The Fireman - "Rushes"
(Juggler Music 1998, 7243 4 97055 2 4)
From Aural Innovations #7 (July 1999)
It's a pleasure to know that Paul McCartney is still interested in sound and pure musical possibilities not having left all that behind in the 60's. That's right. This is Paul McCartney. This is, in fact, his second release under the Fireman moniker, though you won't find his name anywhere on the CD or liner notes. I actually had no idea this existed until a friend played it for me recently. The music on Rushes is dreamy ambient music that mixes lots of wild space sounds making it a bit more adventurous than most ambient recordings.
The disc opens with "Watercolour Guitars". The song starts with a repeating acoustic guitar melody embellished by various shooting star space synths. The synths temporarily take over and then the song blends right into "Palo Verde". The melody doesn't change at first, but the pace picks up just a little and includes lots of little voice samples, our only concrete hint of McCartney's presence. The music is very laid back and, though they are prominent, the subtle little sound textures are easy to miss.
"Auraveda" opens with an Indian motif. Sitars, tablas, and chanting create a dreamy Eastern atmosphere. It's hard to describe but I also hear those played backwards synth sounds heard so long ago on Magical Mystery Tour. But these are only embellishments. Soon the Indian theme drops slightly into the background as it's joined by a minimalist organ sounding instrument.
"Fluid" is another dreamy piece that actually sounds like an old Ash Ra Tempel track. The guitar sounds very much like Manuel Gottsching and is combined with similar Ash Ra electronic excursions. "Bison" is one of the shortest, but also one of my favorite tracks. Jazzy rhythms, a dissonant guitar melody, orchestral space keys, mellotron, and the now trademark voicings make for a cosmic stew. "7am" is another ambient Ash Ra type electronic tune, again with mellotron sounds providing an eerie orchestral background. And McCartney's voice, for the first time, pops up briefly with no effects.

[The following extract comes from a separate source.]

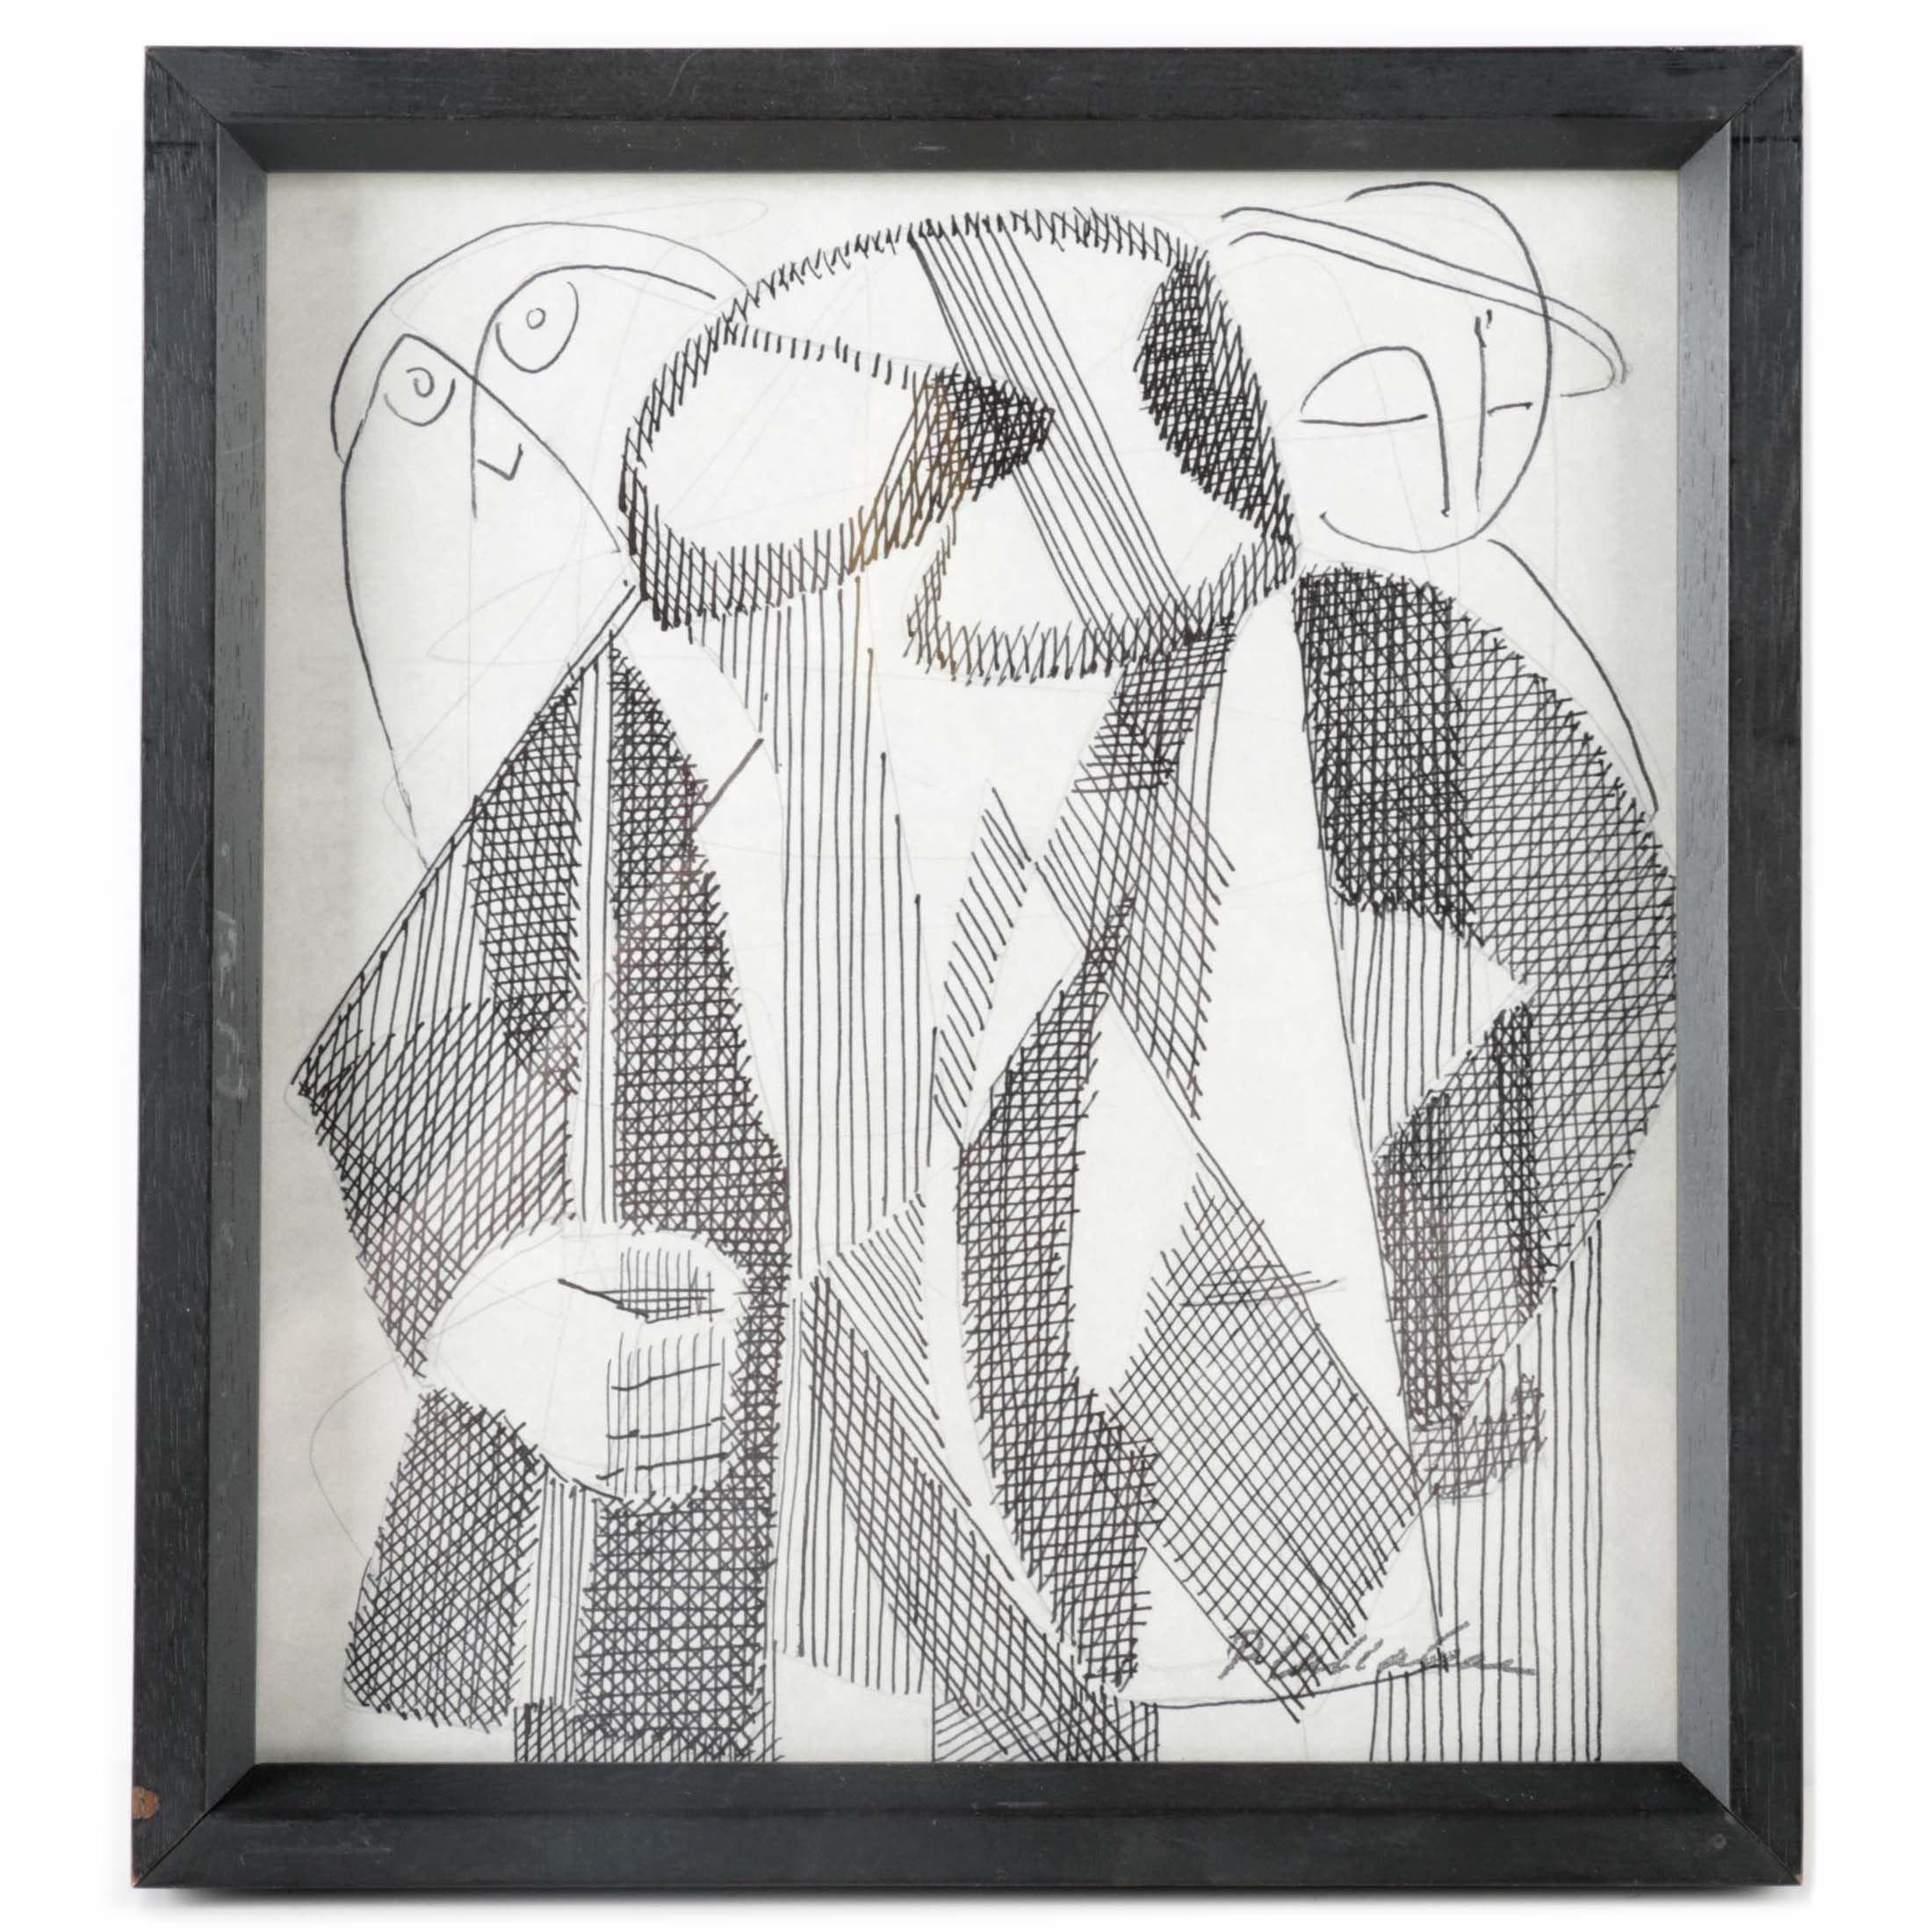 Phillip Callahan Original Ink Drawing of Abstract Figures

This is music that would typically relax the listener, but there are enough extra touches that you just can't help paying too much attention to be relaxed. To those who are surprised by the existence of this McCartney project, bear in mind that this writer of silly love songs was also experimenting with music and sound back when all our favorite space pioneers were getting started as well. I searched the internet for information about this project and all I could find was discussion list archives in which participants did nothing but try to find hidden meanings in the songs. It figures... Note that this should be very easy to find in your local record store.